Христос посреди нас. И есть и будет!
Православное приветствие
Просто нам завещана от Бога русская дорога…
Игорь Растеряев
© Яковлев М., текст, 2023
© «Пробел-2000», 2023
Петухи ещё не пели.
В призрачной осенней мгле видно лишь в прорехе тучи, что покрыла неба лик, узкую полоску на востоке с влажной искоркой звезды. Вот из массы этой тучи что-то плавно отделилось, приближалось, нарастало… обозначилось лицо бородатого человека, – скоро весь он отделился, всей фигурой проступая из рассветной полутьмы; он шагал враскачку, ходко, по ухабам земляным: в вязаной округлой шапке, с блеском глаз из-под бровей, – то ли в полушубке, то ли в куртке…
Он прошёл, переступая лужи, озарённые слегка, краем поля индевелого, обходя деревню Голофеево, мимо хутора Сороки, на подходе к селу Галелеево…
В старом доме за столом выпивали двое; свет уже стоял в окне, и где-то неподалёку монотонно долбили в колокол: день воскресный.
Разговор вялый.
– Ночью не спал почти, – Фёдор, младший Опушкин, икнул и выругался.
Пили каждый сам по себе, не чокаясь.
– Почечуй, почечуюшки… – зевнул перегаром Василий, Опушкин-старший, хозяин дома.
– Третий день сплю хреново, не могу… – вздохнул младший.
– Сало старое, не жуётся… надо было консерву… – ворчал старшой.
– Слышь меня, Почечуй? Хреново!..
– Чо орёшь! Бабу разбудишь, она тебе… мухой вылетишь, прям тут же! – махнул головой на выход Василий-Почечуй.
– Как-будто воет кто во мне. Глаза закрою – воет, открою – вроде не воет…
– Допиваем, и по углам, а то Фура придёт, тогда мы оба завоем, – отрезал старший.

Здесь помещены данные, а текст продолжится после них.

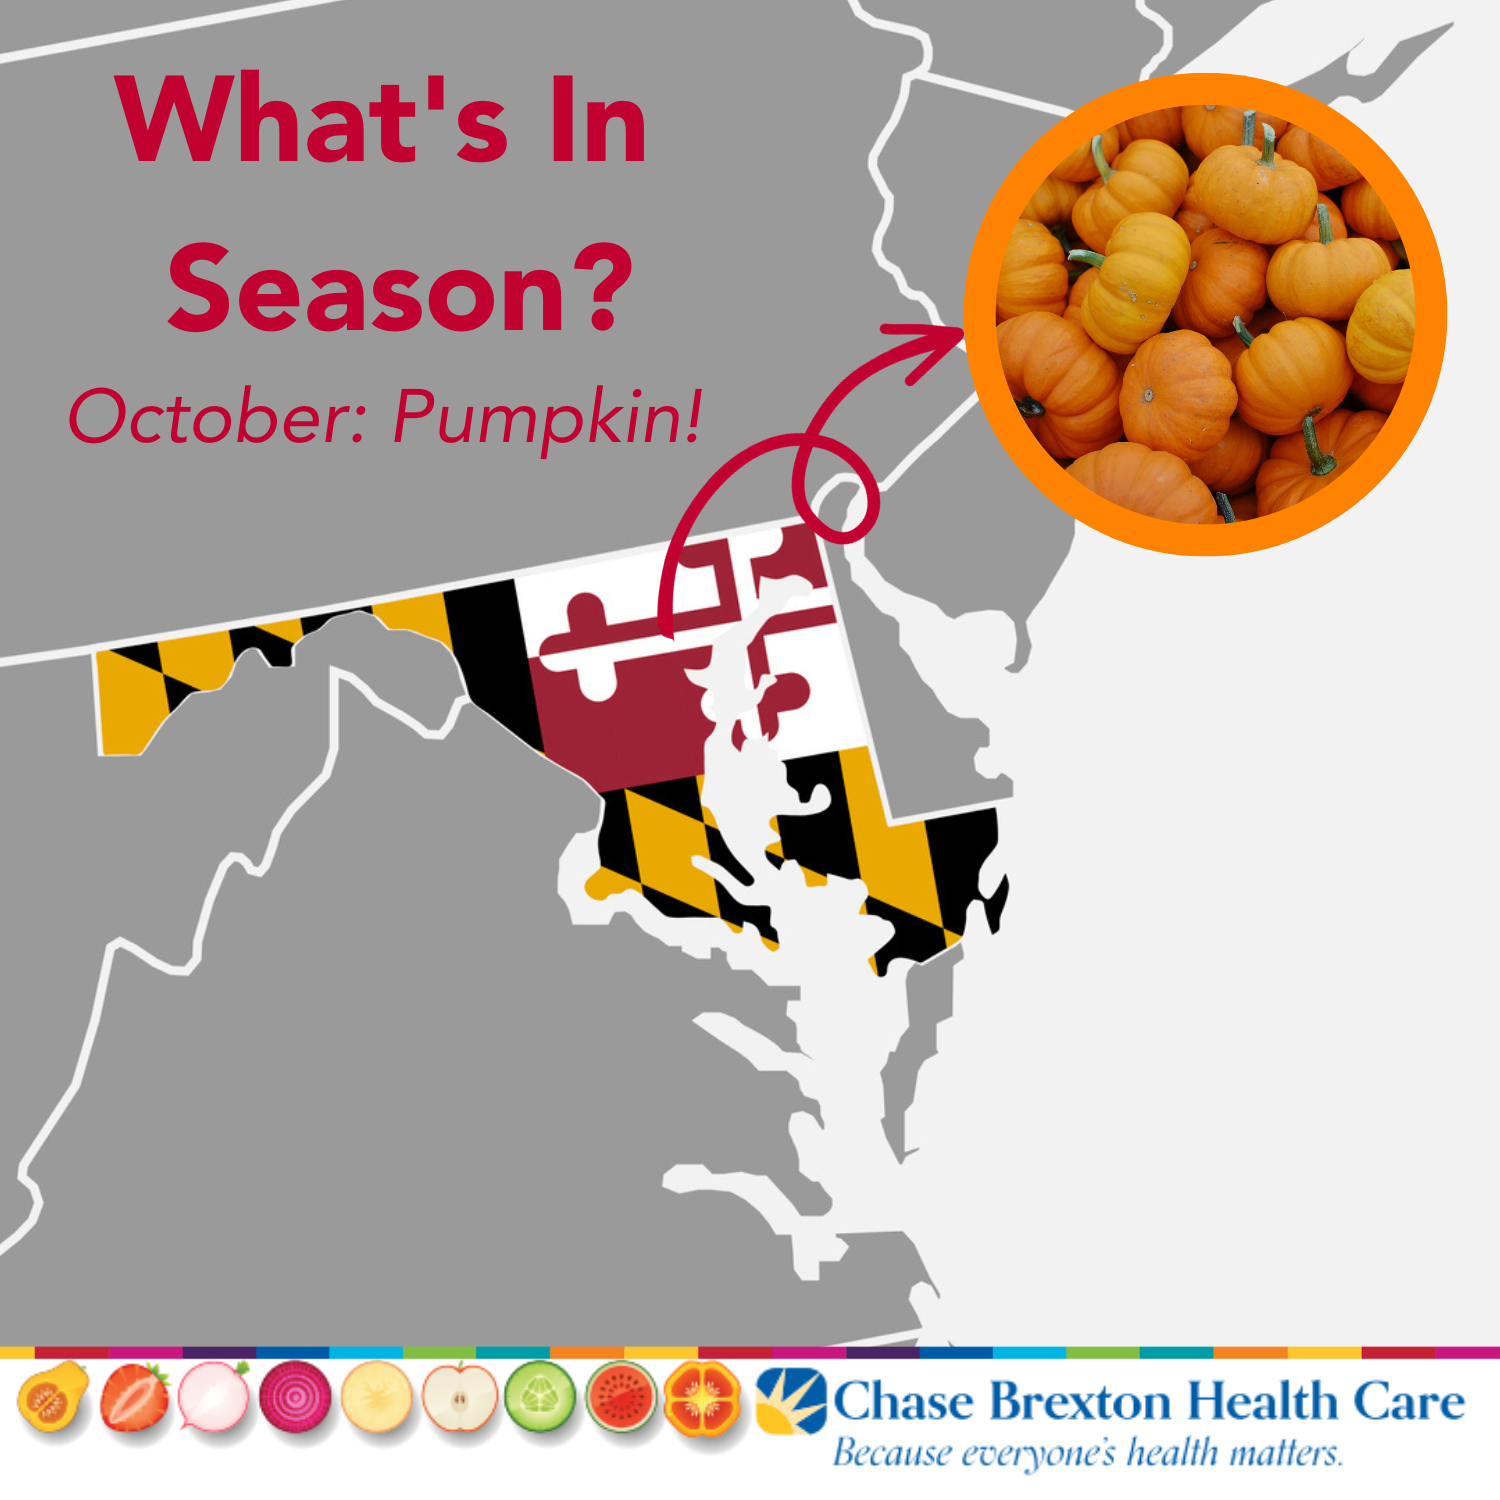 what's in season? October: Pumpkin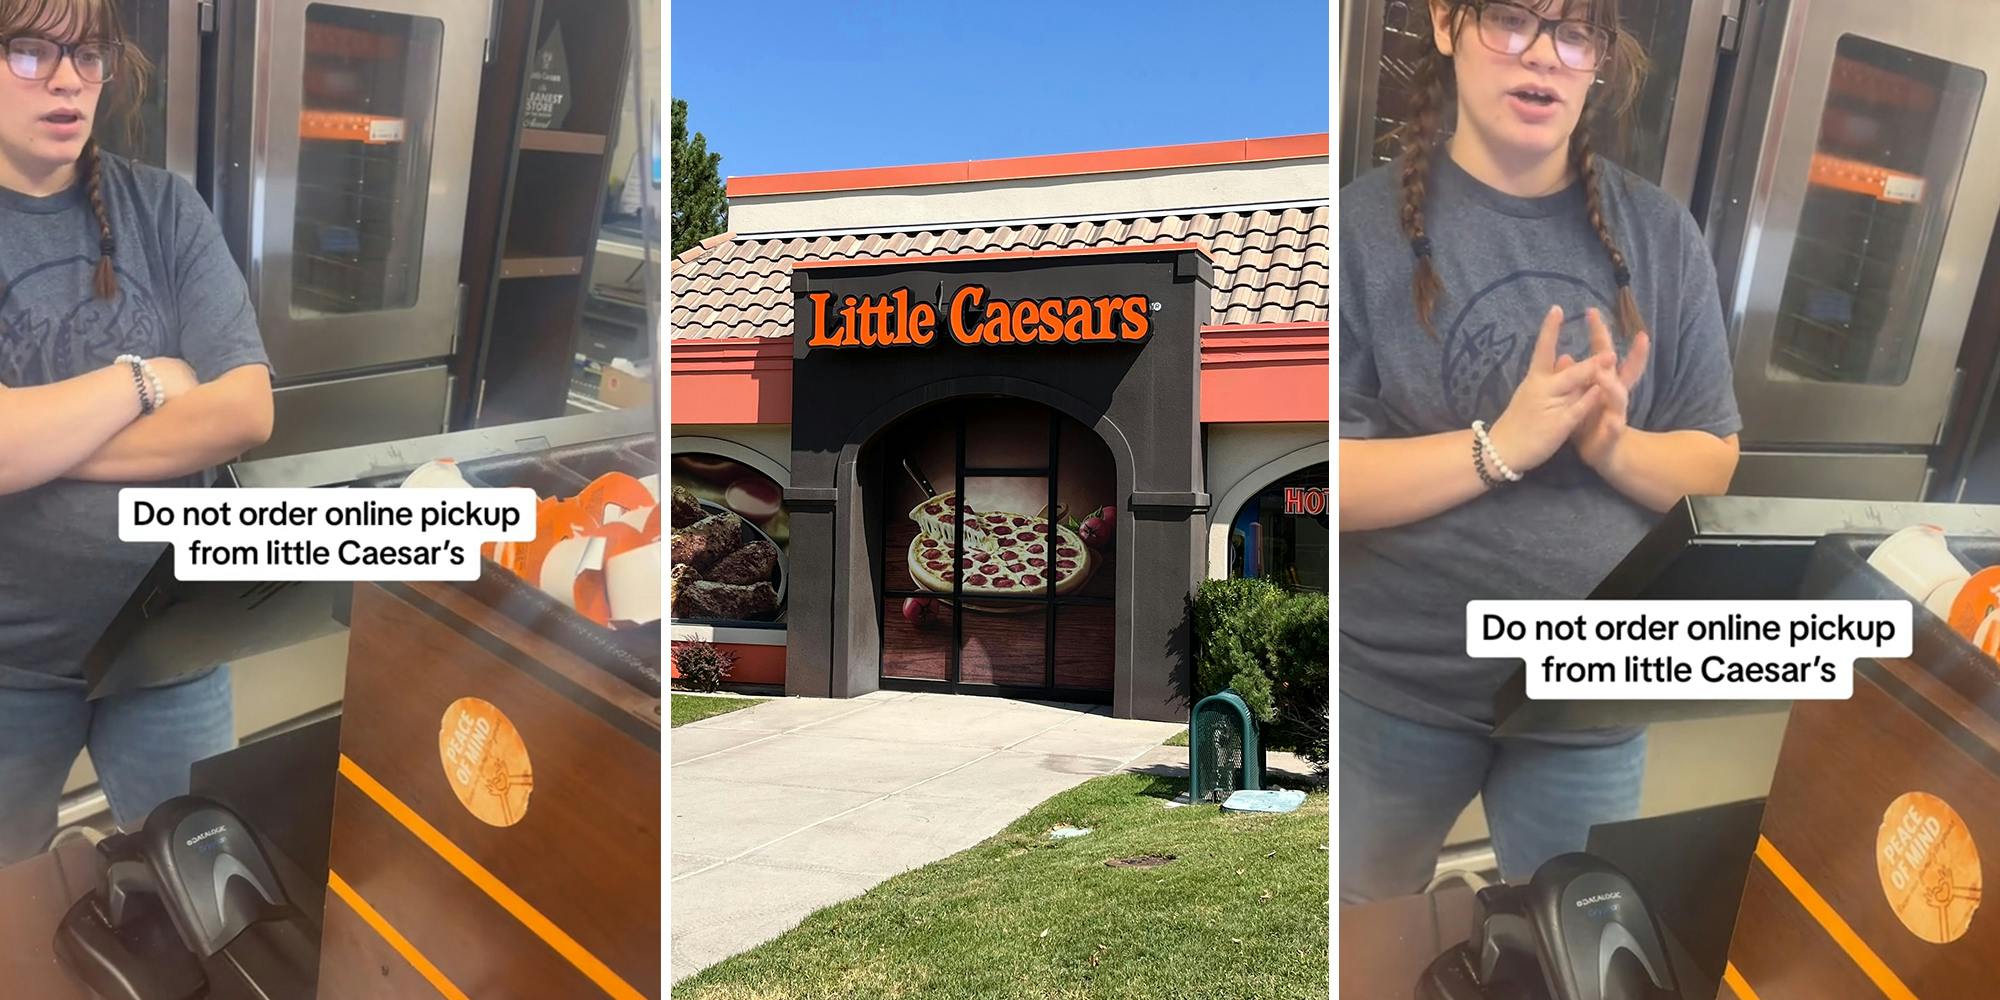 Little Caesars customer says someone else took her online pick-up order.

«Фурой» называл он Фросю, свою жену.
– Назара нет и поговорить не с кем!.. – осушил стопку Фёдор.
В сенях раздались шаги…
– Фура! Бутылку прячь! – просипел Василий-Почечуй. – Дай сюда её!..
Стукнули два раза в дверь и толкнули протяжно. Вошёл человек в зимней куртке, в армейских берцах; окинул взглядом.
– Всё пьёте, голуби, – снял шапочку. – Не признали?
– Кто ты? – Почечуй разинул рот, как-то не вязалось с реальностью…
– Ты чего? Ты откуда?! – вспугнулся младший Опушкин.
Пришедший стоял, молчал.
– Ты кто?! – крикнули вместе Опушкины человеку.
– Кто я… – сказал он тихо.
За окном всё звонили, и косил серый дождь.
С матюгами долетел женский голос: «… козлы! паразиты!..» – из второй половины дома ввалилась хозяйка.
– Чего разорались, придурки? – заглянула под стол. – Где бутылка? Ну, быстро!..
– А нету! – показал ей руки мужик её.
– Ведь, знаю, пили, – она шарила шумно вокруг, но всё безуспешно. – Где она? паразитские ваши рожи!
– Ты не нашла. Уговор!.. – напомнил ей Опушкин-старший.
– В следующий раз найду, убью! – пообещала ему.
– Не нашла, не нашла!.. – ликовал Почечуй.
Между ними был договор: не найдёт бутылку, значит, не было.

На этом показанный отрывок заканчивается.